The differences in the epidemiology of pENL in each study may be due to both genetic and environmental factors. Genome-wide association studies have identified many single nucleotide polymorphisms that related with specific subtypes of lymphoma in various populations,[20] but the data from Thailand is lacking. MALT lymphoma is well recognized as an infectious- related lymphoma. The higher proportion of ocular adnexal MALT lymphoma found in comparison with gastric MALT lymphoma in this study was similar to that found in a previous TLSG study.[14] The prevalence of Chlamydia psittacosis and Helicobacter pylori infection in each country may well affect the prevalence of MALT lymphoma in these two locations,[2,4] but the studies in Thailand about this aspect are still limited.

Analysis of the treatment outcomes showed a favorable response rate (CR rate of 78.8%) leading to a five-year OS of 71% with a median OS of 131 months. This may be explained by the majority of patients being in early stages of the disease (75%) with low to low-intermediate IPI (99.1%). In the study there were variations in histological subtypes of pENL and modalities of treatment as well as inaccessibility to rituximab, [21] which could influence the interpretation and cause difficulties in making direct comparison to other studies into pENL and nodal lymphoma. In addition to this point, there were conflicting data regarding the OS of pENL and nodal lymphoma, [6,8,17] partially due to the different definition of pENL.[5] In this current study that had a relatively small number of patients, anemia, B-symptoms, and high LDH were associated with OS. These factors were also found to be the prognostic factors in some subtypes of lymphoma including DLBCL and MALT lymphoma. [11,13,22,23]
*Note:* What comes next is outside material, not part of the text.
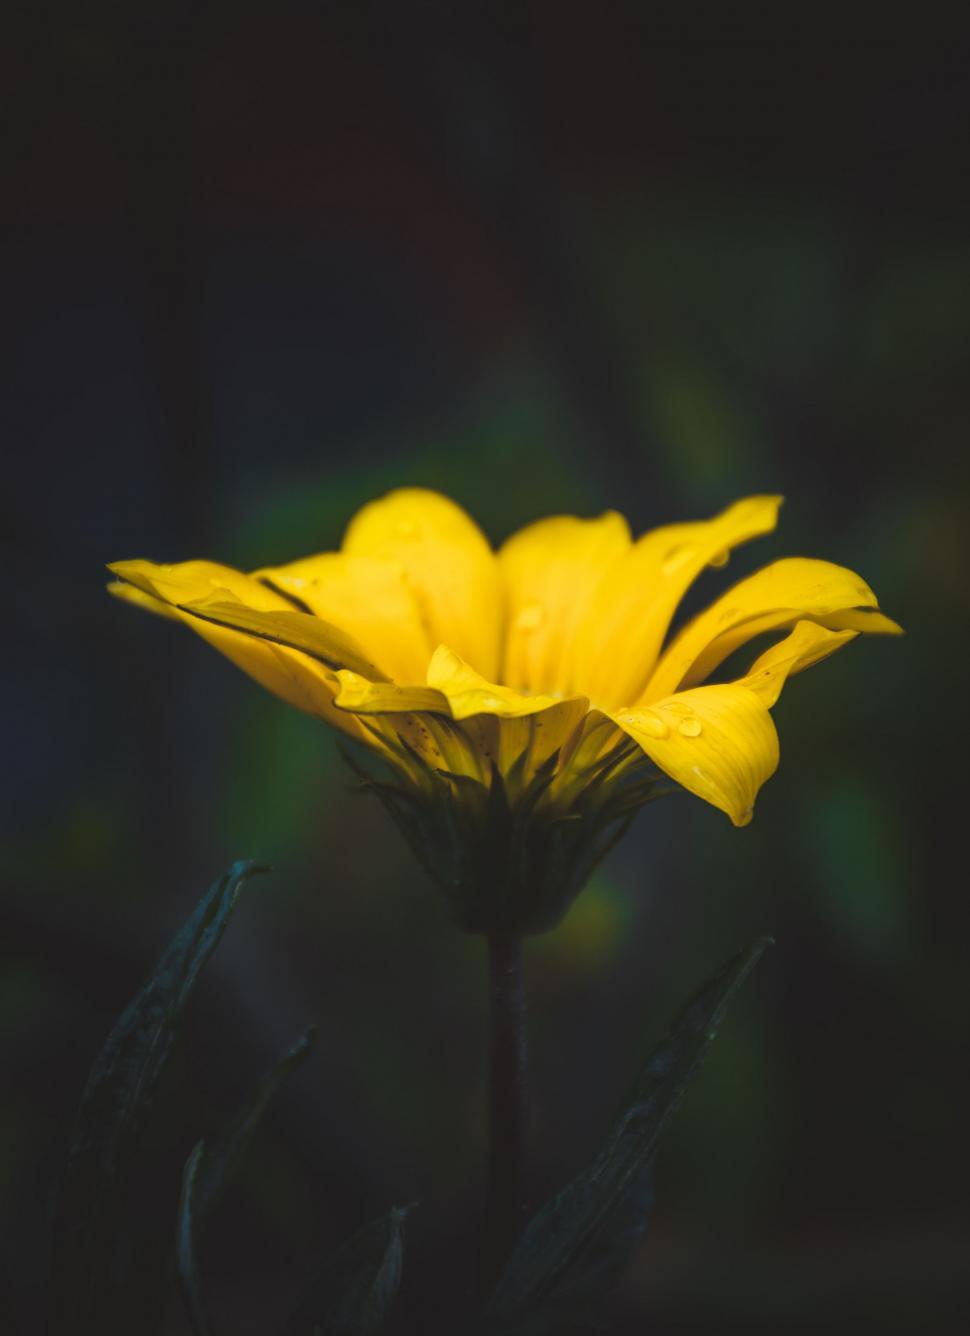 Free Image of Nature yellow sunflower flower daisy plant flora blossom bloom spring floral bright close petal flowers garden pale yellow fresh color

The limitation of this study was related to the retrospective nature which might have led to incomplete data collection and selection bias. In addition, it represented information regarding pENL from a single institution with a limited number of patients. As a result, the subgroup analysis of outcomes according to histological subtypes and primary extranodal organs might be not accurately interpreted. Nevertheless, the current study provided real world data regarding pENL in Thailand. A larger prospective multi-center study comparing information about pENL with details about primary nodal lymphoma is warranted.

In conclusion, lymphoma can have various extranodal presentations. The GI tract, in particular the stomach, was the most common location of pENL treated in Chiang Mai University Hospital. DLBCL was the most common subtype of pENL found followed by MALT lymphoma.